Possible Last Chance Seen To Exit Kiev

A Russian missile reportedly struck the Kiev TV tower, leaving five dead and disrupting broadcasts throughout Ukraine. 

A roadblock on the approach to central Kiev February 28, 2022. AP/Emilio Morenatti

Day six of the war in Ukraine began with fire and ended with fire, with lots of fighting and fleeing in between. The Guardian reported late Tuesday evening that “it might be the last chance” for citizens to get out of Kiev as the Russian assault on the capital intensifies. 

Earlier Russian forces fired rockets at the heart of Ukraine’s second-largest city, Kharkiv, killing at least 10 people and injuring dozens more. In the capital, Russian rockets bombarded the Holocaust memorial site Babi Yar, which includes a Jewish cemetery. Another Russian missile struck the 1,263-foot-tall Kiev TV tower, leaving five dead, according to the Deutsche Welle website, and disrupting broadcasts throughout Ukraine. 

The assault on Babi Yar drew swift condemnation from almost all quarters, including President Zelensky and the chairman of the Babyn Yar Holocaust Memorial Advisory Board, Natan Sharansky, who said President Putin is “seeking to distort and manipulate the Holocaust to justify an illegal invasion of a sovereign democratic country is utterly abhorrent,” the Jerusalem Post reported. “It is symbolic that he starts attacking Kiev by bombing the site of the Babyn Yar, the biggest of Nazi massacres.” 

According to Israel’s Ynet News, the Israeli foreign minister, Yair Lapid, condemned the attack on a major Holocaust memorial site carried out by Russian forces, “but neglected to blame Russia directly.”

Indication are that the rockets struck Babi Yar shortly before sunset Tuesday. The attack on Kharkiv’s Freedom Square occurred earlier in the day, with the fireball engulfing an elegant government building in Freedom Square flashing across television screens as nightly news broadcasts across Europe gave blanket coverage to the hellfire Russia seems intent on unleashing across all parts of embattled Ukraine. 

As if in cinematic counterpoint, there was an impassioned plea for action — yes, you could call it a speech — that Mr. Zelensky delivered via video link to the European Parliament on the same day that his country was taking fire and licking wounds that may be only a foretaste of what may yet come.

“Do prove that you are with us. Do prove that you will not let us go. Do prove that you indeed are Europeans, and then life will win over death and light will win over darkness. Glory be to Ukraine,” he said. Before the standing ovation that followed, the tireless Mr. Zelensky also said, “Nobody is going to break us. We’re strong. We’re Ukrainians.”

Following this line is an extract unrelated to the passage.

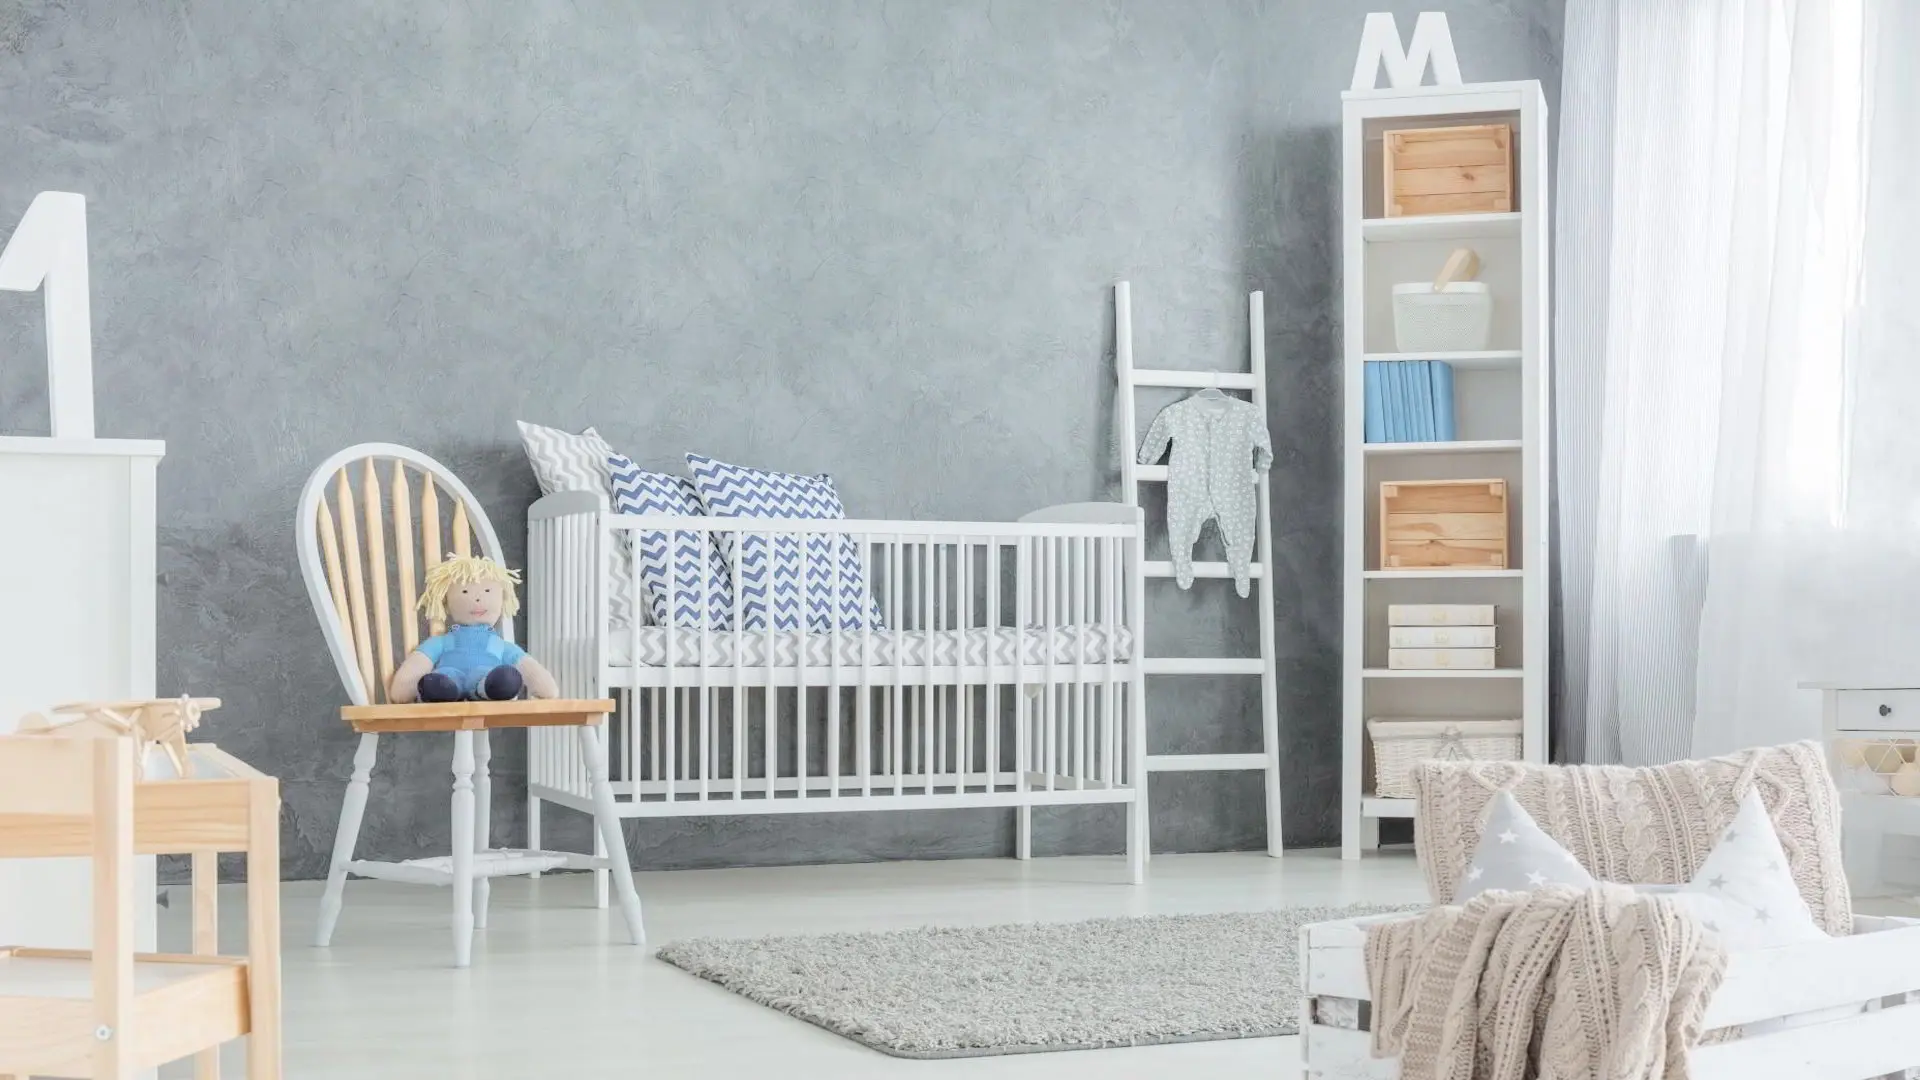 Dhomë luksoze për fëmijë me mikrocement në ngjyrë gri

As nightfall obscures smoke from the day’s fires, what Russia’s “tactical shift to targeting civilian areas,” as the Wall Street Journal neatly put it, will mean for the besieged citizens of Kiev and what they may yet have to endure remains to be seen. 

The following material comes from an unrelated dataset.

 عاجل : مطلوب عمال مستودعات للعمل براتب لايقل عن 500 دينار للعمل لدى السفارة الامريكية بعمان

The international ostracism of the Russian regime continued apace — starting in high places. Euronews and other European channels showed hundreds of diplomats walking out of a speech given (via video link) by Russia’s foreign minister, Sergey Lavrov  at the U.N.’s Conference on Disarmament in Geneva on Tuesday. Euronews noted that Lavrov “was unable to attend the Human Rights Council due to what he called ‘outrageous measures by the European Union’” — a reference to the EU’s closure of its airspace to Russian aviation. 

Economic sanctions sanctions against Russia are beginning to bite in ways big and small. The Daily Beast reported that a sanctioned Russian state TV host, Vladimir Soloviev, cried on the air about losing a villa he owns (or owned) in Italy. There have been calls to confiscate the New York properties of some Russian oligarchs, as reported by New York’s Daily News. 

On a cultural note, the renowned Musée Grévin wax museum in Paris is pulling a wax figure statue of Vladimir Putin from its display space. Le Parisien reports that the move is unprecedented: “For the first time in the museum’s history,” its director, Yves Delhommeau, said, “we’re taking someone down because of historic elements they’re causing at this very moment.” The Putin statue had become the target of attacks by visitors, and in its place a statue of Mr. Zelensky may, Mr. Delhommeau added, be put in.